The Summer of Standoffs
The Summer of Love the months ahead of us most certainly will not be. More like the Summer of Our Discontent. As we look around the world, conflicts like those in Ukraine and the Middle East still loom large with only the faintest, periodic glimmers of hope for peaceful resolutions. Everywhere you look across the U.S. political landscape, there is simmering conflict from local school board meetings and town councils to the halls of Congress and the vaunted chambers of the Supreme Court.
The Summer of 2025 is shaping up to be a summer of standoffs. Conflict is pervasive in so much of how we live our lives and what we observe in the halls of power and in the financial centers from New York to Silicon Valley. Some of the confrontations are around principles and others seem so to be more around personalities. Many might actually be entertaining if they were set on the silver screen and not unfolding daily before our eyes with the economy (not to mention principles of good governance) hanging in the balance, but here we are.
So how is the Summer of Standoffs shaping up? Let’s take a look at some of the key face-offs:
Standoff #1: Corporate America vs. Trump
A quirky thing happened between Amazon and Donald Trump a few weeks ago — quirky but with far-reaching and deep-seated implications. On April 29th, Punchbowl News reported that Amazon planned to display the cost of the tariff as a component of the total price of various items on their website. This would have been meant to highlight to consumers how the tariff costs were directly impacting them. You can imagine how this went over in the Trump White House; Press Secretary Karoline Leavitt called it a “hostile and political act,” and suggested Amazon had “partnered with a Chinese propaganda arm.”

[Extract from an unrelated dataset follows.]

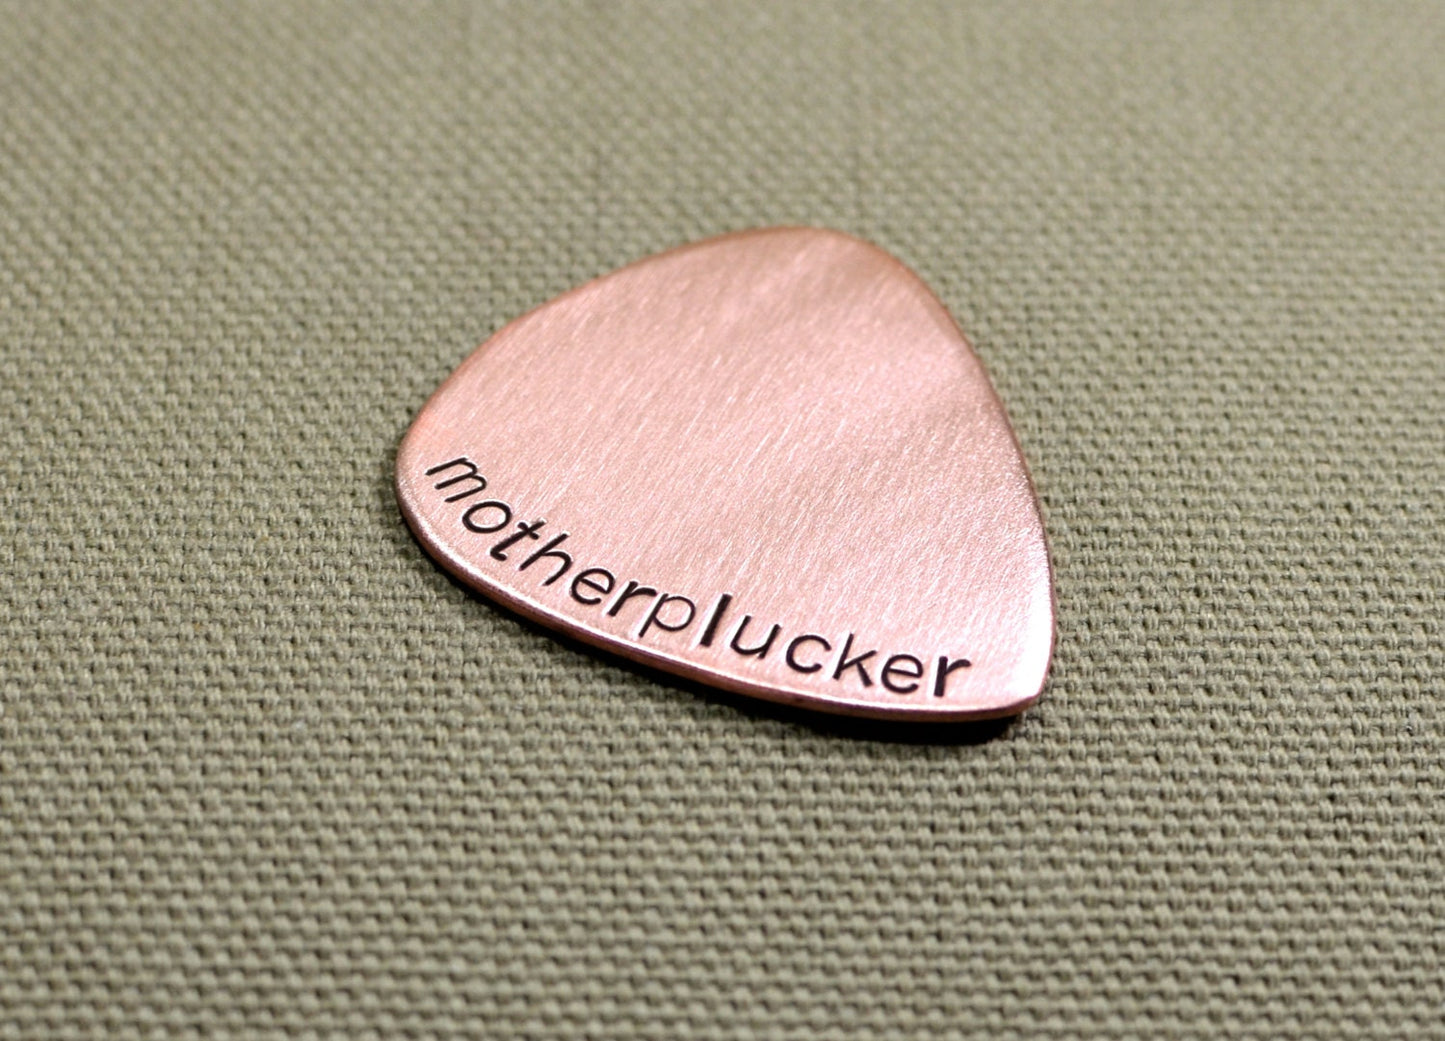 Motherplucker copper guitar pick

Trump and Amazon Founder Jeff Bezos purportedly talked later the same day, and Amazon backtracked from any meaningful discussion of this idea, saying in a short statement, “The team that runs our ultra low cost Amazon Haul store considered the idea of listing import charges on certain products. This was never approved and is not going to happen.” Clearly pleased with the quick about-face, President Trump said later in the day, “[Bezos] solved a problem very quickly and he did the right thing. He’s a good guy.”

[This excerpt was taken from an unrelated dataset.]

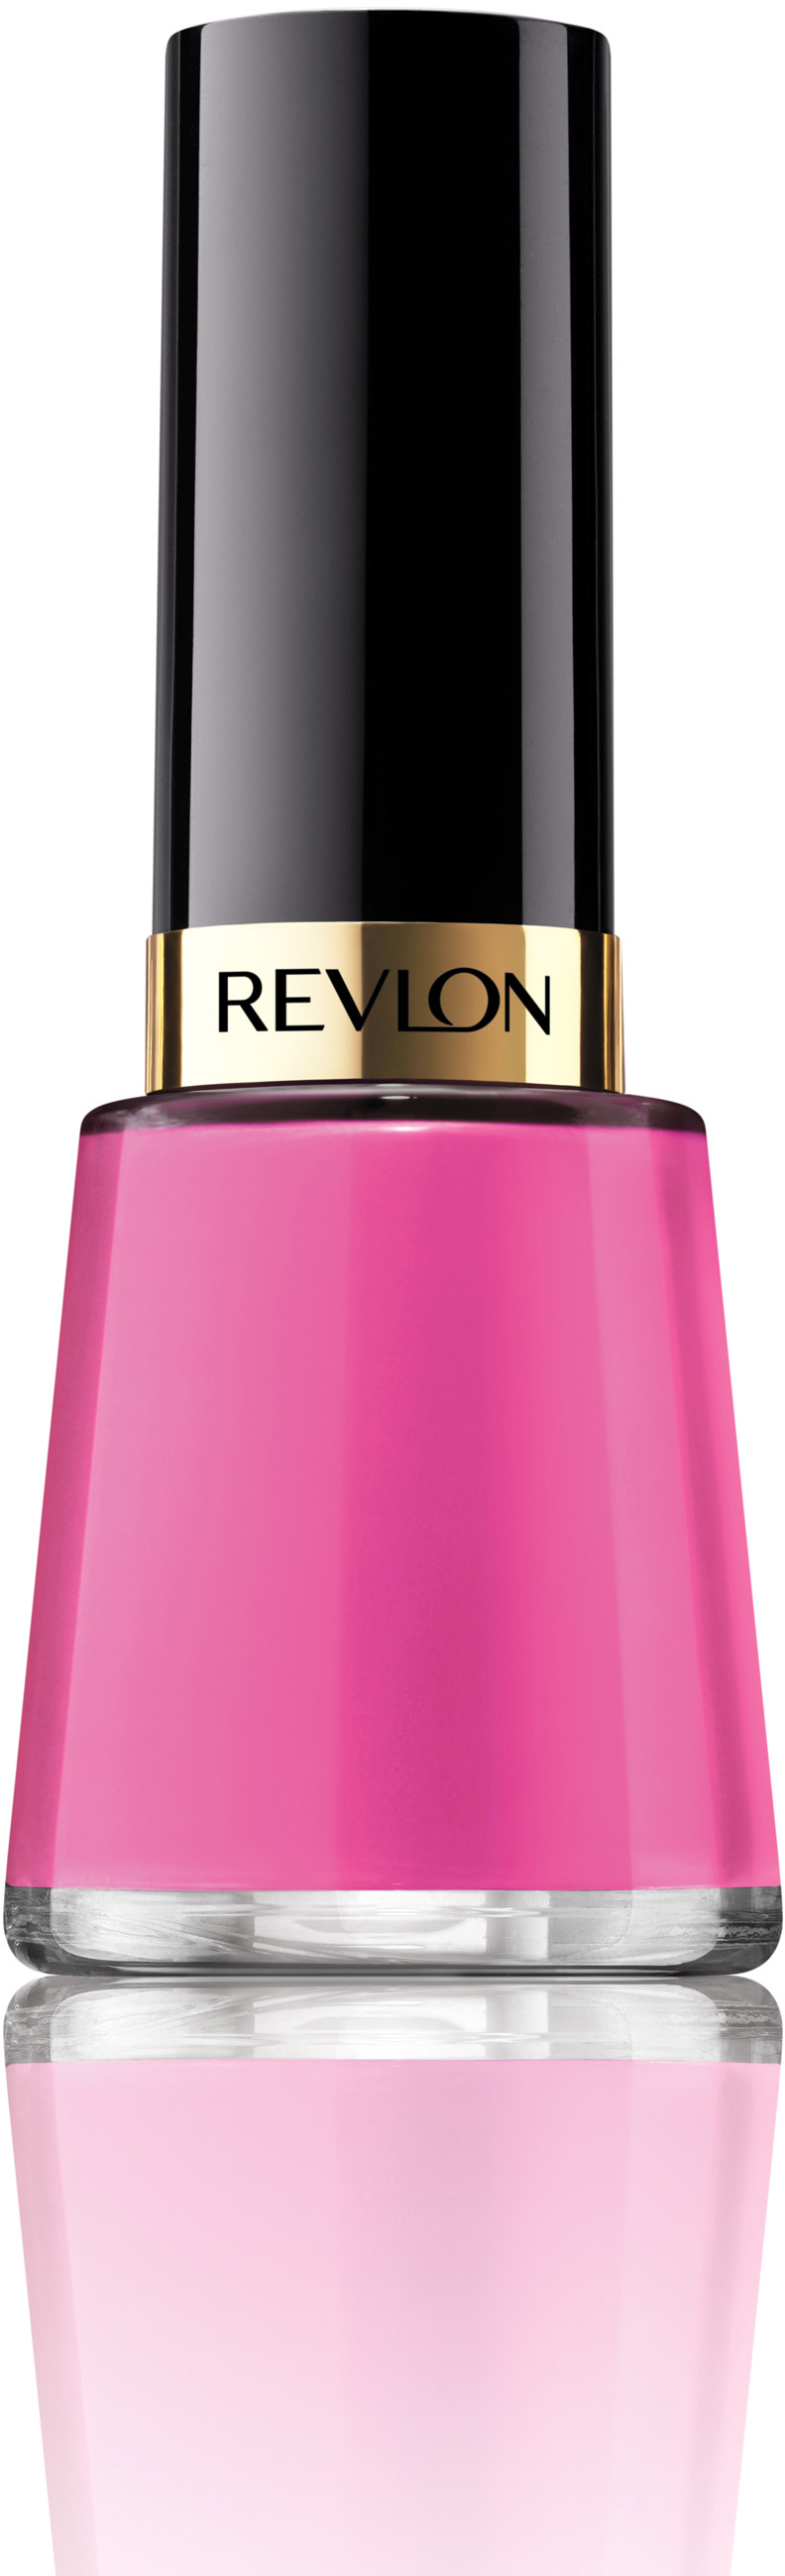 Revlon Cosmetics Nail Enamel 276

Although some Amazon shareholders, customers, and employees were frustrated at how quickly the company backtracked (it’s unclear if the idea really was up for meaningful consideration or not), Bezos navigated the Trump storm well, all things considered. Amazon stock (AMZN) is up about 8% since the Punchbowl News initial report, in line with a broader market really but outpacing it, for sure.
The question of how to make it clear to stakeholders including both shareholders and customers that tariffs will impact prices which then, in turn, impacts profitability, while also being mindful of the need to appease President Trump is top of mind for many CEOs and others in leadership roles in companies large and small throughout the United States and, indeed, the world. After Mattel CEO Ynon Kreiz said recently that they do not anticipate moving manufacturing back to the United States in response to the Trump Tariffs, the President responded by saying, “That’s ok. Let him go, and we’ll put a 100 percent tariff on his toys, and he won’t sell one toy in the United States, and that’s their biggest market.” Mattel makes Barbies, Hot Wheels, American Girls dolls, among many other classic toys.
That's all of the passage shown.